* Re: RFC: Transparent Hugepage support
[not found] ` <20091028042805.GJ7744@basil.fritz.box>
@ 2009-10-29 9:43 ` Ingo Molnar
2009-10-29 10:36 ` Andrea Arcangeli
0 siblings, 1 reply; 6+ messages in thread
From: Ingo Molnar @ 2009-10-29 9:43 UTC (permalink / raw)
To: Andi Kleen
Cc: Andrea Arcangeli, linux-mm, Marcelo Tosatti, Adam Litke,
Avi Kivity, Izik Eidus, Hugh Dickins, Nick Piggin, Andrew Morton,
linux-kernel
* Andi Kleen <andi@firstfloor.org> wrote:
> > 1GB pages can't be handled by this code, and clearly it's not
> > practical to hope 1G pages to materialize in the buddy (even if we
>
> That seems short sightened. You do this because 2MB pages give you x%
> performance advantage, but then it's likely that 1GB pages will give
> another y% improvement and why should people stop at the smaller
> improvement?
>
> Ignoring the gigantic pages now would just mean that this would need
> to be revised later again or that users still need to use hacks like
> libhugetlbfs.
I've read the patch and have read through this discussion and you are
missing the big point that it's best to do such things gradually - one
step at a time.
Just like we went from 2 level pagetables to 3 level pagetables, then to
4 level pagetables - and we might go to 5 level pagetables in the
future. We didnt go from 2 level pagetables to 5 level page tables in
one go, despite predictions clearly pointing out the exponentially
increasing need for RAM.
So your obsession with 1GB pages is misguided. If indeed transparent
largepages give us real benefits we can extend it to do transparent
gbpages as well - should we ever want to. There's nothing 'shortsighted'
about being gradual - the change is already ambitious enough as-is, and
brings very clear benefits to a difficult, decade-old problem no other
person was able to address.
In fact introducing transparent 2MBpages makes 1GB pages support
_easier_ to merge: as at that point we'll already have a (finally..)
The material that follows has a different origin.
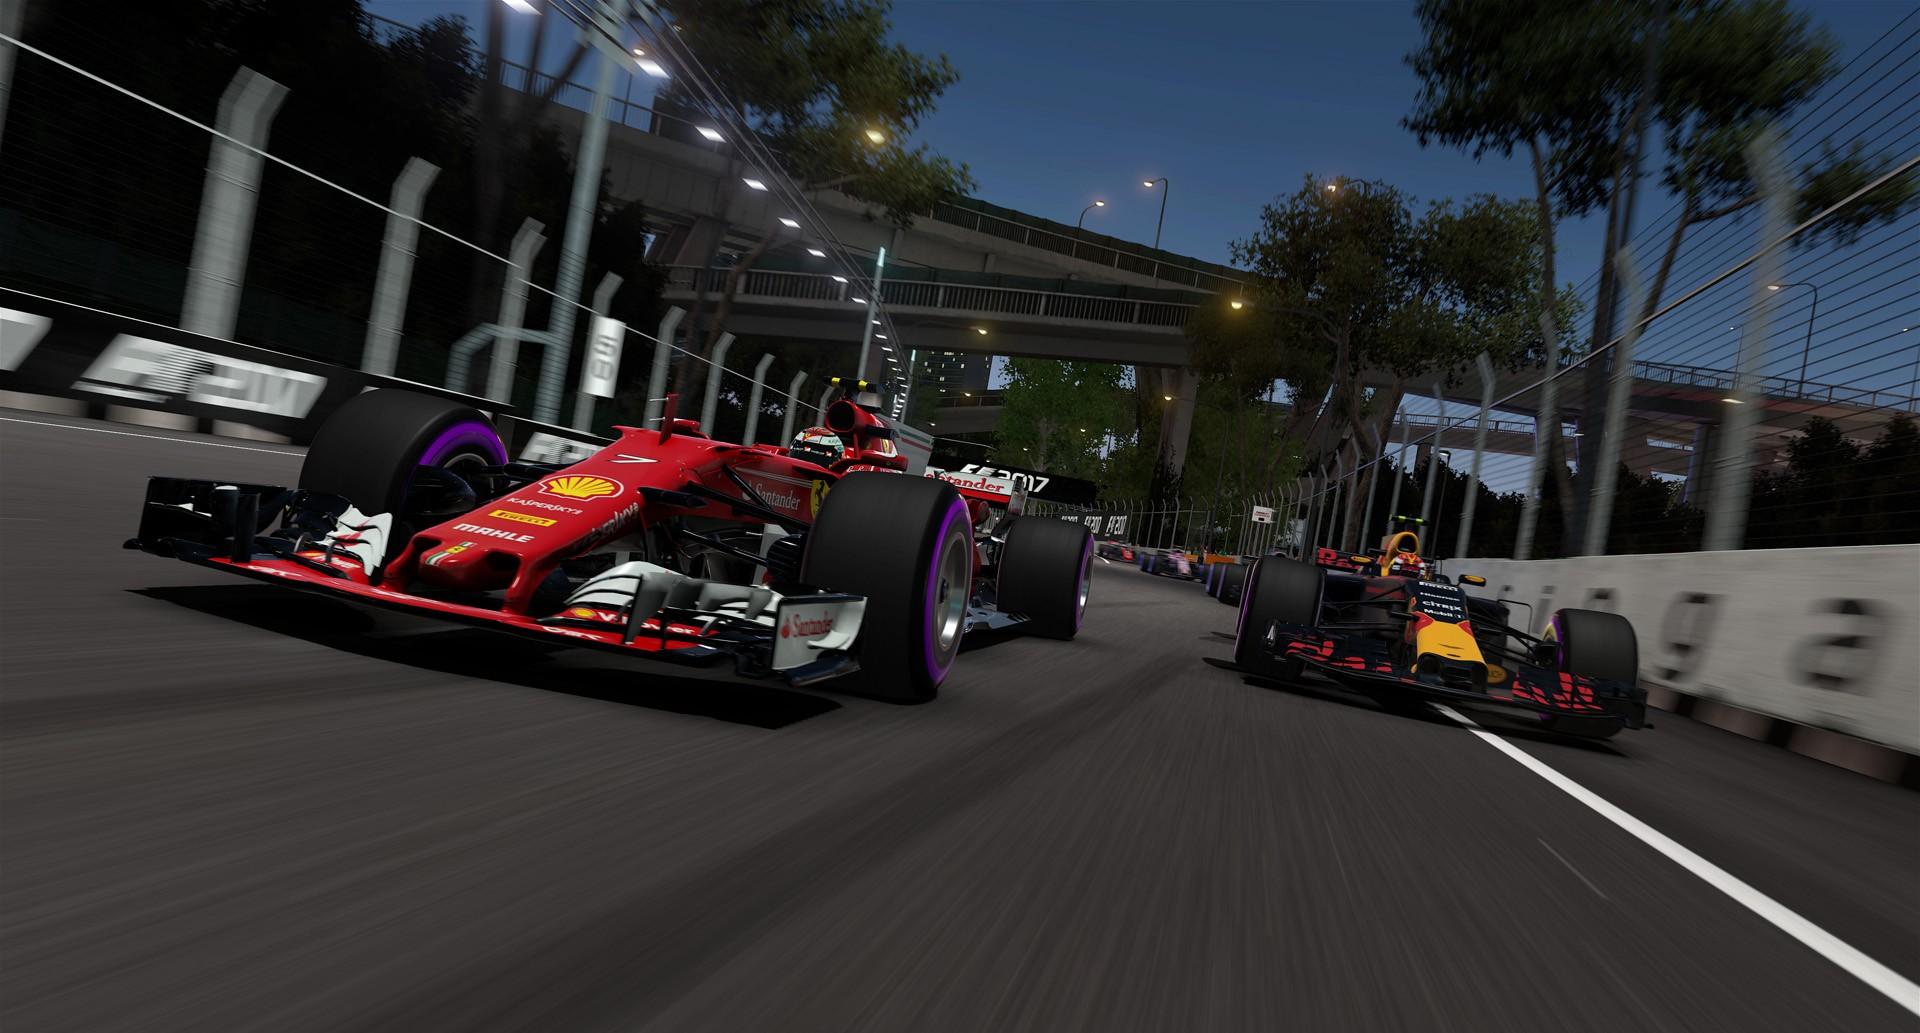 Lego Formula Cars Racing Game

successful hugetlb facility happility used by an increasing range of
applications.
Hugetlbfs's big problem was always that it wasnt transparent and hence
wasnt gradual for applications. It was an opt-in and constituted an
interface/ABI change - that is always a big barrier to app adoption.
So i give Andrea's patch a very big thumbs up - i hope it gets reviewed
in fine detail and added to -mm ASAP. Our lack of decent, automatic
hugepage support is sticking out like a sore thumb and is hurting us in
high-performance setups. If largepage support within Linux has a chance,
this might be the way to do it.
A small comment regarding the patch itself: i think it could be
simplified further by eliminating CONFIG_TRANSPARENT_HUGEPAGE and by
making it a natural feature of hugepage support. If the code is correct
i cannot see any scenario under which i wouldnt want a hugepage enabled
kernel i'm booting to not have transparent hugepage support as well.
Thanks,
Ingo
^ permalink raw reply [flat|nested] 6+ messages in thread
* Re: RFC: Transparent Hugepage support
2009-10-29 9:43 ` RFC: Transparent Hugepage support Ingo Molnar
@ 2009-10-29 10:36 ` Andrea Arcangeli
2009-10-29 16:50 ` Mike Travis
2009-10-30 0:40 ` KAMEZAWA Hiroyuki
0 siblings, 2 replies; 6+ messages in thread
From: Andrea Arcangeli @ 2009-10-29 10:36 UTC (permalink / raw)
To: Ingo Molnar
Cc: Andi Kleen, linux-mm, Marcelo Tosatti, Adam Litke, Avi Kivity,
Izik Eidus, Hugh Dickins, Nick Piggin, Andrew Morton,
linux-kernel
Hello Ingo, Andi, everyone,
On Thu, Oct 29, 2009 at 10:43:44AM +0100, Ingo Molnar wrote:
>
> * Andi Kleen <andi@firstfloor.org> wrote:
>
> > > 1GB pages can't be handled by this code, and clearly it's not
> > > practical to hope 1G pages to materialize in the buddy (even if we
> >
> > That seems short sightened. You do this because 2MB pages give you x%
> > performance advantage, but then it's likely that 1GB pages will give
> > another y% improvement and why should people stop at the smaller
> > improvement?
> >
> > Ignoring the gigantic pages now would just mean that this would need
> > to be revised later again or that users still need to use hacks like
> > libhugetlbfs.
>
> I've read the patch and have read through this discussion and you are
> missing the big point that it's best to do such things gradually - one
> step at a time.
>
> Just like we went from 2 level pagetables to 3 level pagetables, then to
> 4 level pagetables - and we might go to 5 level pagetables in the
> future. We didnt go from 2 level pagetables to 5 level page tables in
> one go, despite predictions clearly pointing out the exponentially
> increasing need for RAM.
I totally agree with your assessment.
> So your obsession with 1GB pages is misguided. If indeed transparent
> largepages give us real benefits we can extend it to do transparent
> gbpages as well - should we ever want to. There's nothing 'shortsighted'
> about being gradual - the change is already ambitious enough as-is, and
> brings very clear benefits to a difficult, decade-old problem no other
> person was able to address.
>
> In fact introducing transparent 2MBpages makes 1GB pages support
> _easier_ to merge: as at that point we'll already have a (finally..)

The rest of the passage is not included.